Now I've realized that I have a problem with sibling accounts. The unique user.email used for logging in is actually the parent's email address (since the students are minors) and now I have to account for a parent with two or more children who are students. I obviously can't have a student account for each child and use the same email address because it has to be unique (and I do want to keep the requirement in the validation).
Given that I already have a large chuck of the app done, what would be a nice DRY way to account for this situation?
I've searched this site and others but not really found anything that accounts for this situation.

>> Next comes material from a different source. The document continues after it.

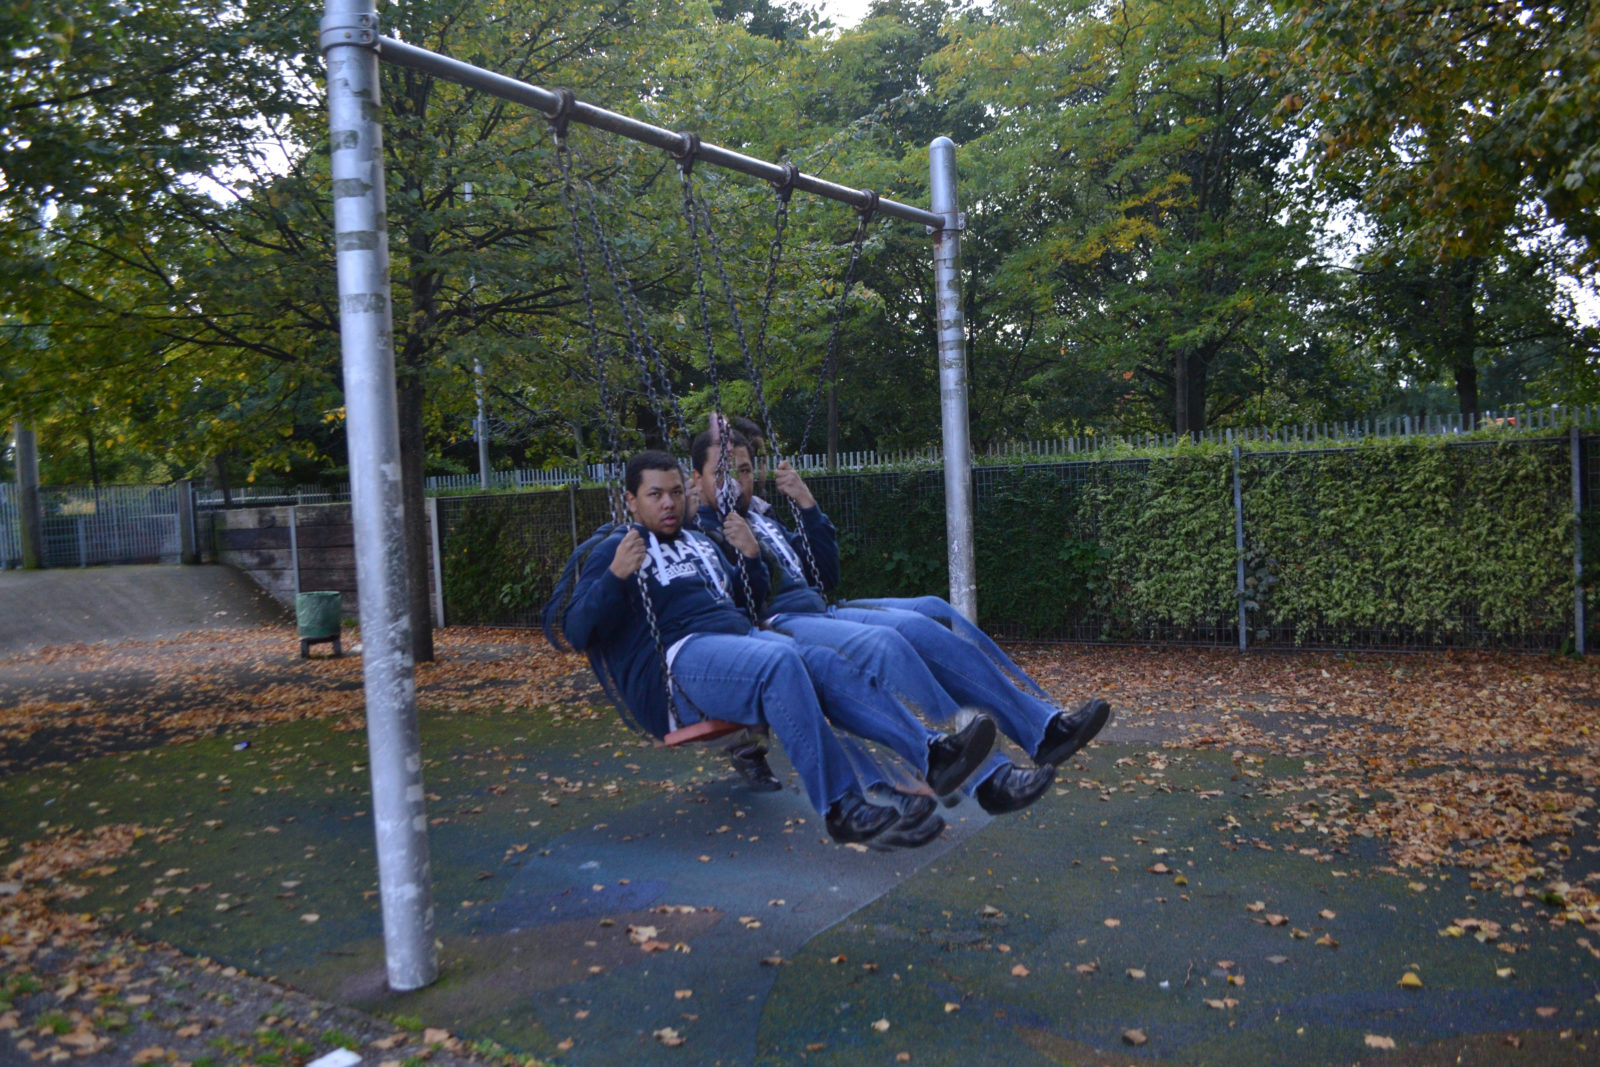 35616 || 5466 || Swings

One way I thought would be to change the role in the User model to parent and then have a separate Student model . A user with the role of parent could then has_many :students but this doesn't sit well with me.
Any general ideas/concepts would be appreciated, as would any pointers to articles or gems that would help me with this.

I don't know if it's the best way, but one approach would be to append a sibling-unique identifier to the name portion of the parent's email address for all student email addresses. You could do it in such a way that it could be stripped off when you wanted the "real" email address. There's actually some precedent for this kind of approach, per http://www.plankdesign.com/blog/2013/06/testing-infinite-unique-email-addresses-with-gmail/.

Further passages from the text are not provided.